In [None]:
# ============================================
# Module 10: Retrieval-Augmented Generation & Vector Search
# Lab 3 – Comparing Similarity Search Methods (BM25 vs. FAISS)
# ============================================
# Author: Dr. Dasha Trofimova
# Course: M.Sc. Applied Data Science & AI
# --------------------------------------------
# Learning Goals:
# - Understand similarity search and document retrieval fundamentals
# - Compare lexical vs. embedding-based retrieval (BM25 vs.
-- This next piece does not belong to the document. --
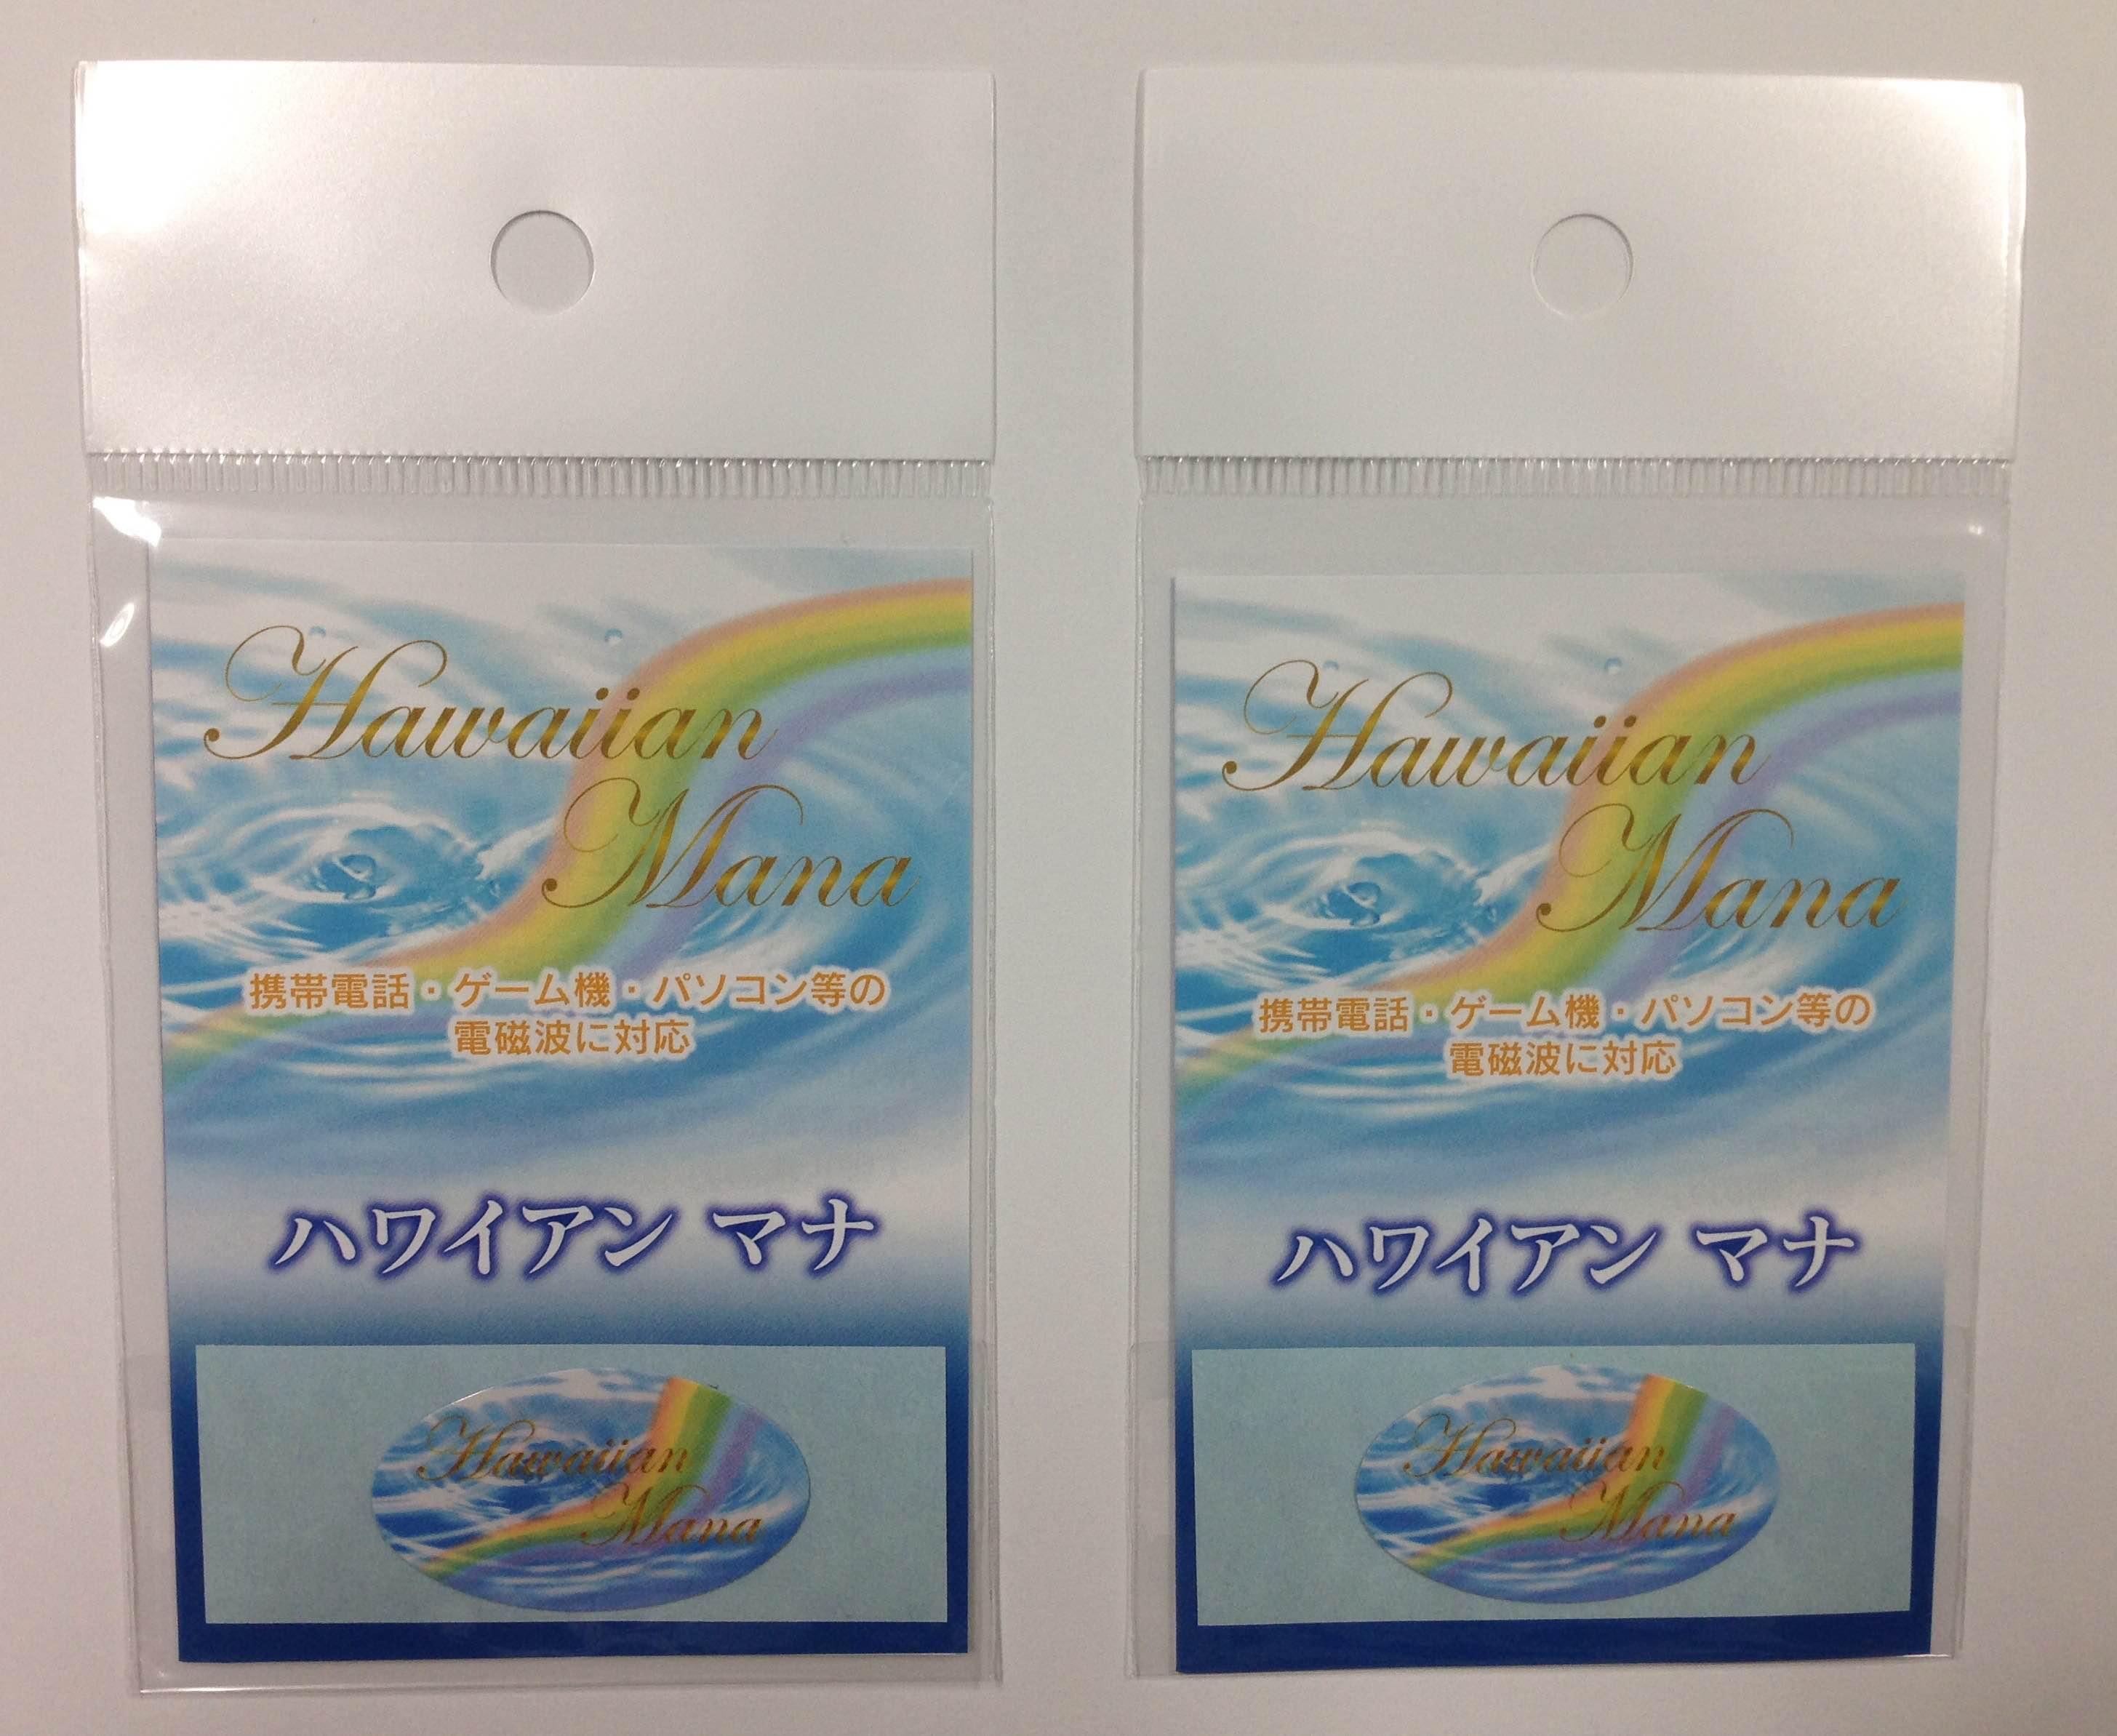 電磁波対策 ハワイアン マナ 【シール タイプ】 2枚セット

FAISS)
# - Analyze trade-offs in recall, speed, and semantic matching
# --------------------------------------------
# Lab Objectives:
# 1. Create a small text corpus of sample sentences
# 2. Implement BM25 retrieval using rank-bm25 or ElasticSearch
# 3. Implement vector-based retrieval using FAISS or Chroma
# 4. Compare top-k results qualitatively and quantitatively
# 5. Discuss which method suits RAG pipelines best
# ============================================
!pip install rank_bm25 sentence-transformers faiss-cpu


In [None]:
from rank_bm25 import BM25Okapi
from sentence_transformers import SentenceTransformer
import numpy as np
import faiss

corpus = [
    "The cat sat on the mat.",
    "A small kitten was sleeping on a rug.",
    "This paper introduces a novel transformer architecture for language modeling.",
    "We propose a new retrieval method using dense vector search.",
    "The dog chased the ball across the park.",
    "Neural embeddings capture semantic similarity beyond exact keywords."
]

query = "new transformer model for language"

print("Corpus:")
for i, doc in enumerate(corpus):
    print(f"{i}: {doc}")

print("\nQuery:", query)


In [None]:
import re

def tokenize(text):
    # basic tokenizer: lowercase and split on non-letters
    return [t for t in re.split(r"[^a-zA-Z0-9]+", text.lower()) if t]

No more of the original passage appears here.